- _The task_: Set down each of the records below exactly as it reads. No pictures go into the copy.

- _Raw data_:
_ _ _ _

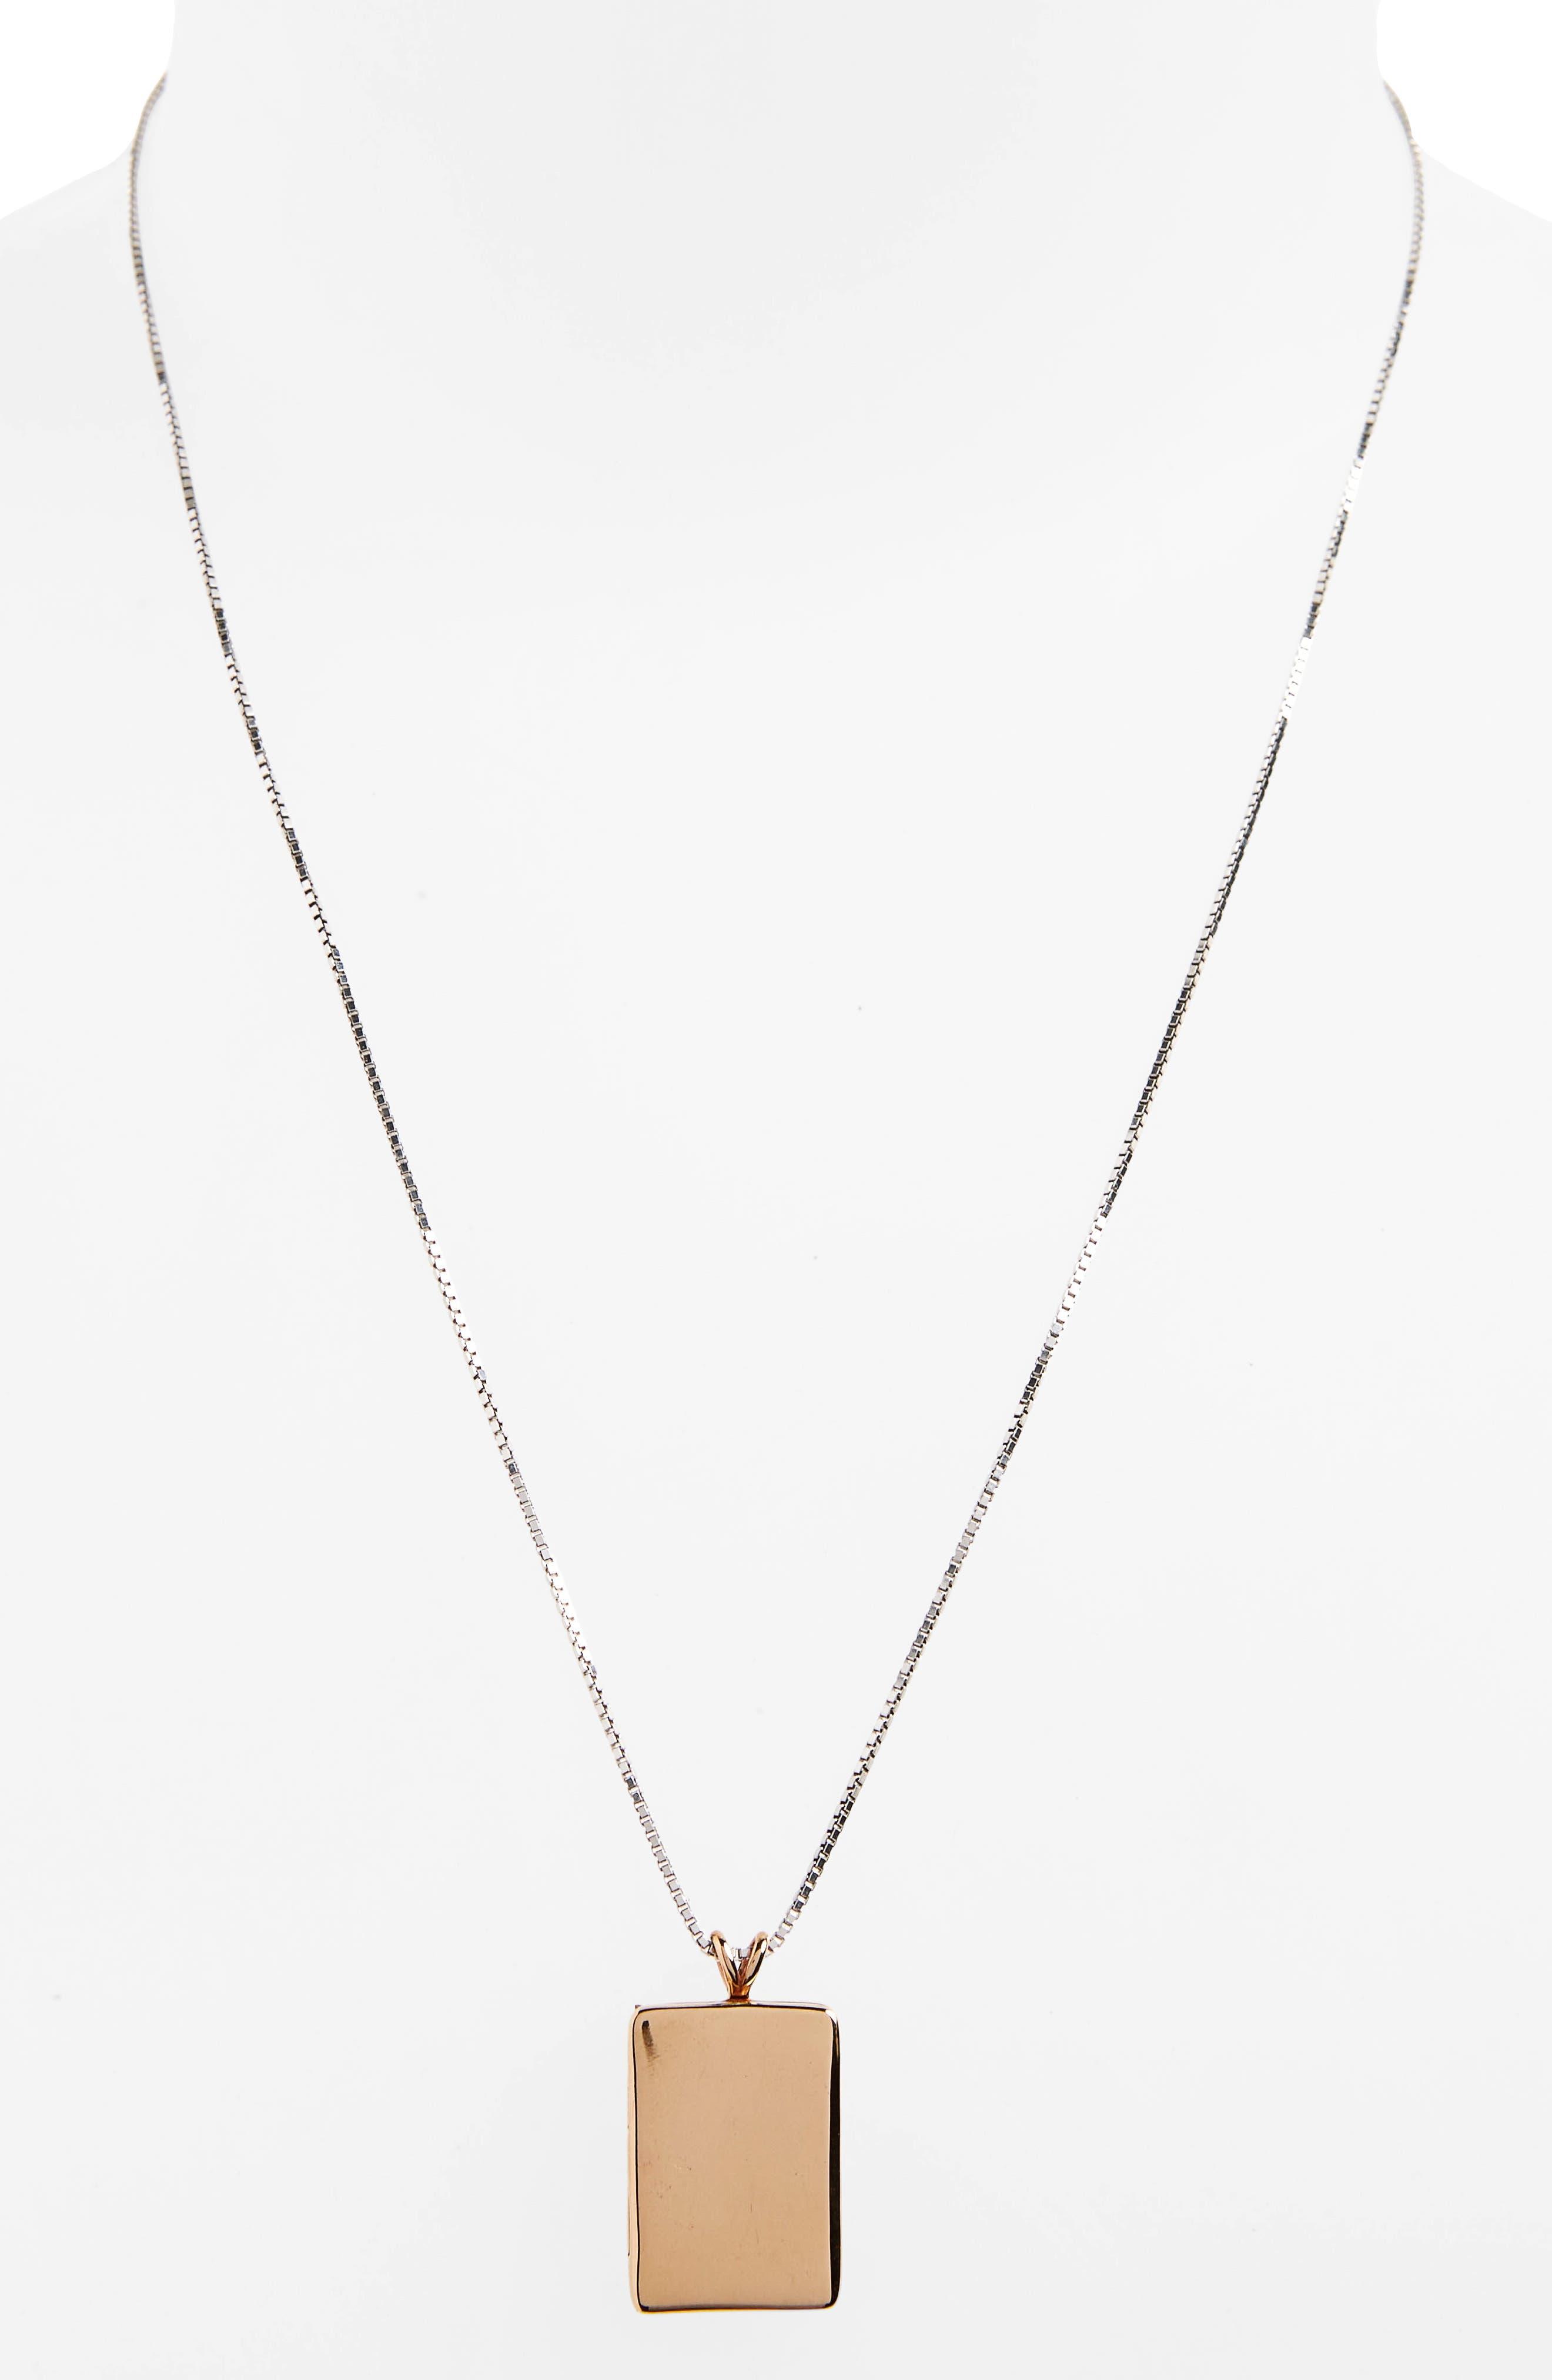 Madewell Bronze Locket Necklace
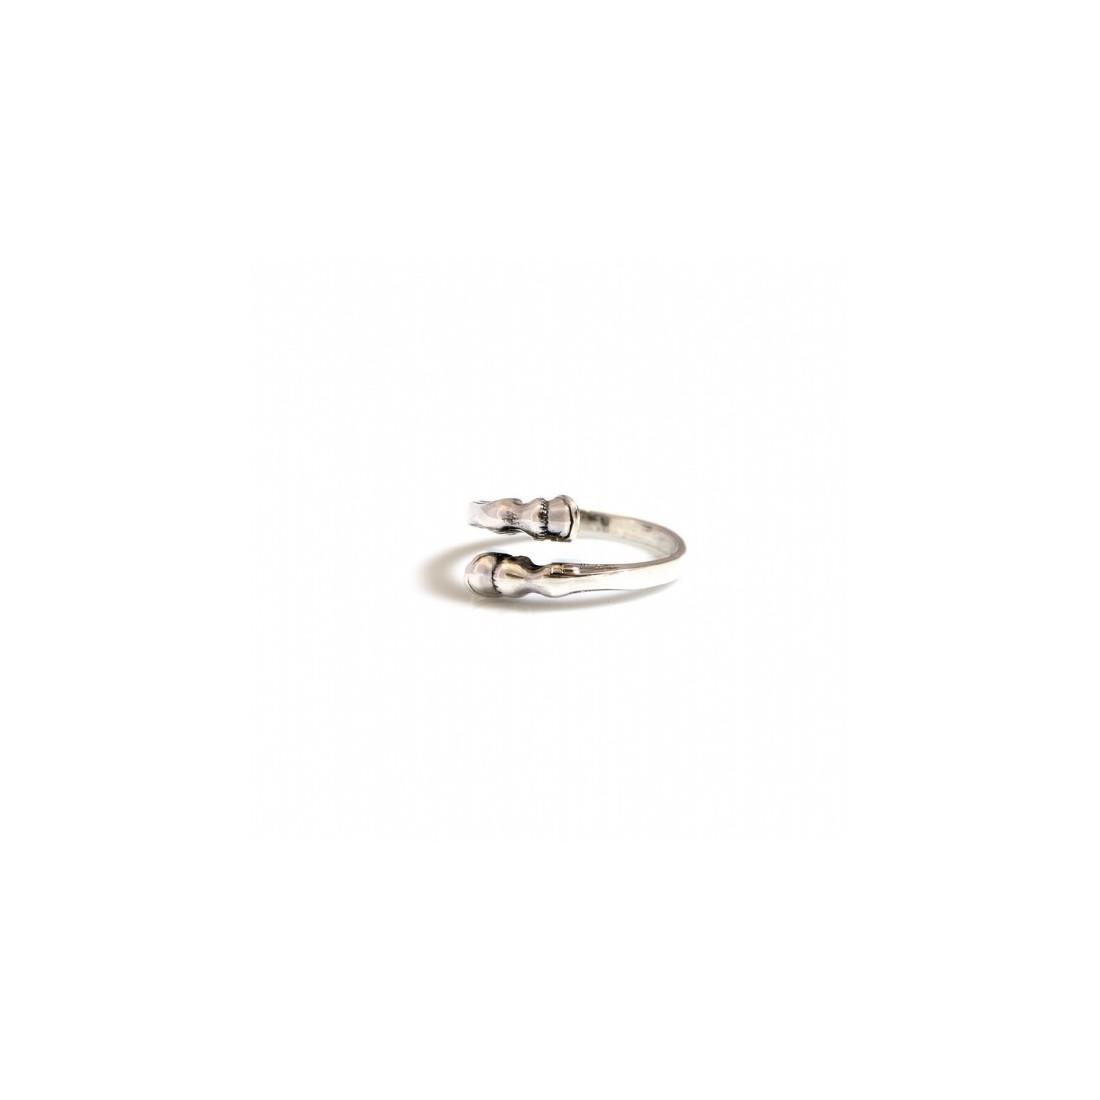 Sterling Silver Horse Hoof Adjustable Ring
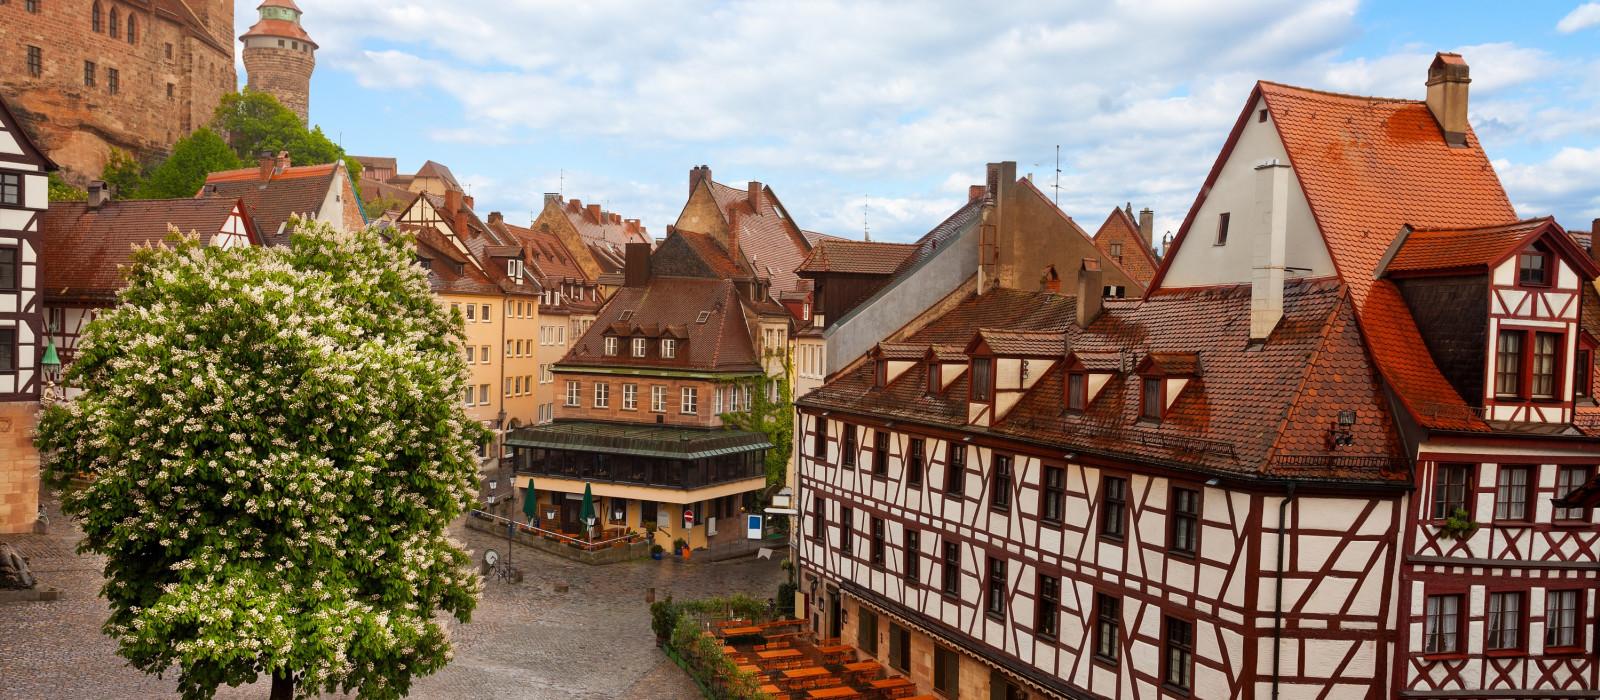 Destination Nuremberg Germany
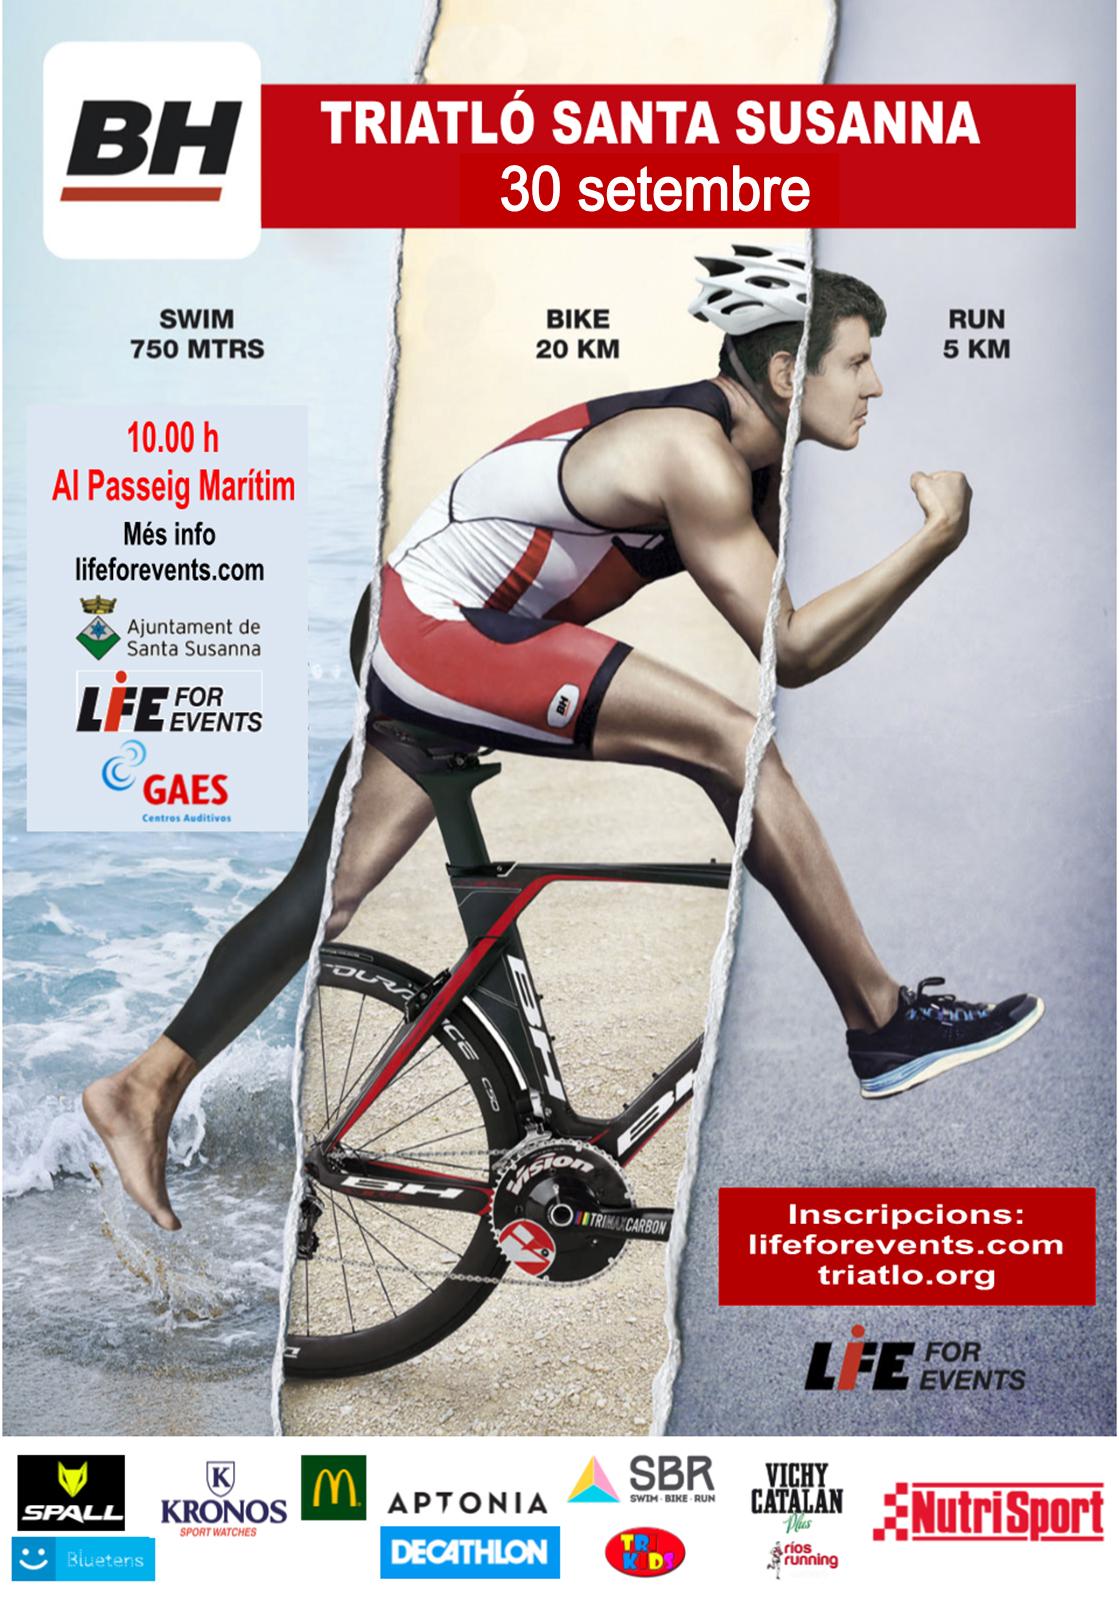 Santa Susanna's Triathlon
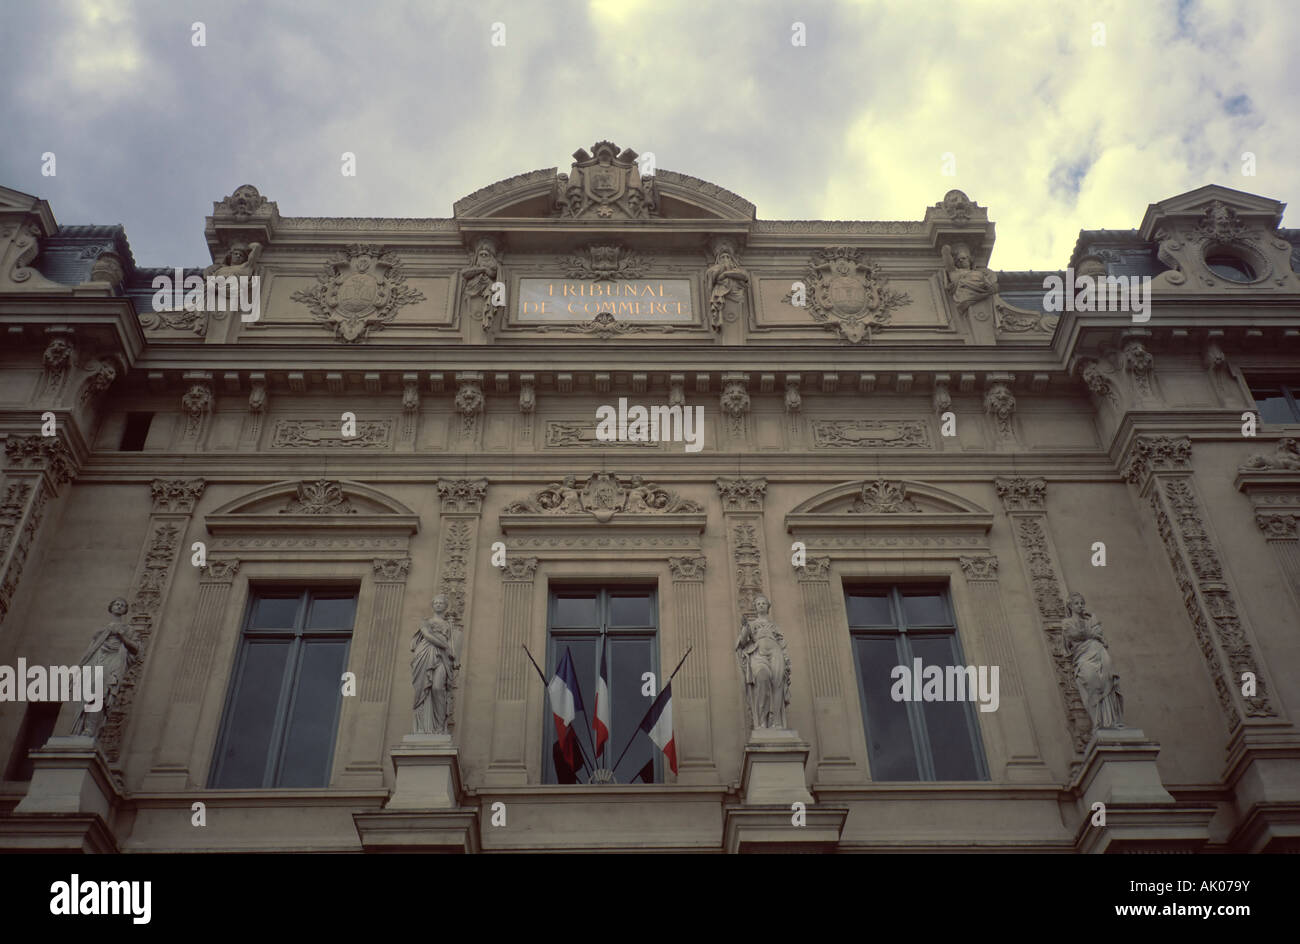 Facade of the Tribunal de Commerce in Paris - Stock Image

_ _ _ _

- _Response below_:
 Madewell Bronze Locket Necklace
 Sterling Silver Horse Hoof Adjustable Ring
 Destination Nuremberg Germany
 Santa Susanna's Triathlon
 Facade of the Tribunal de Commerce in Paris - Stock Image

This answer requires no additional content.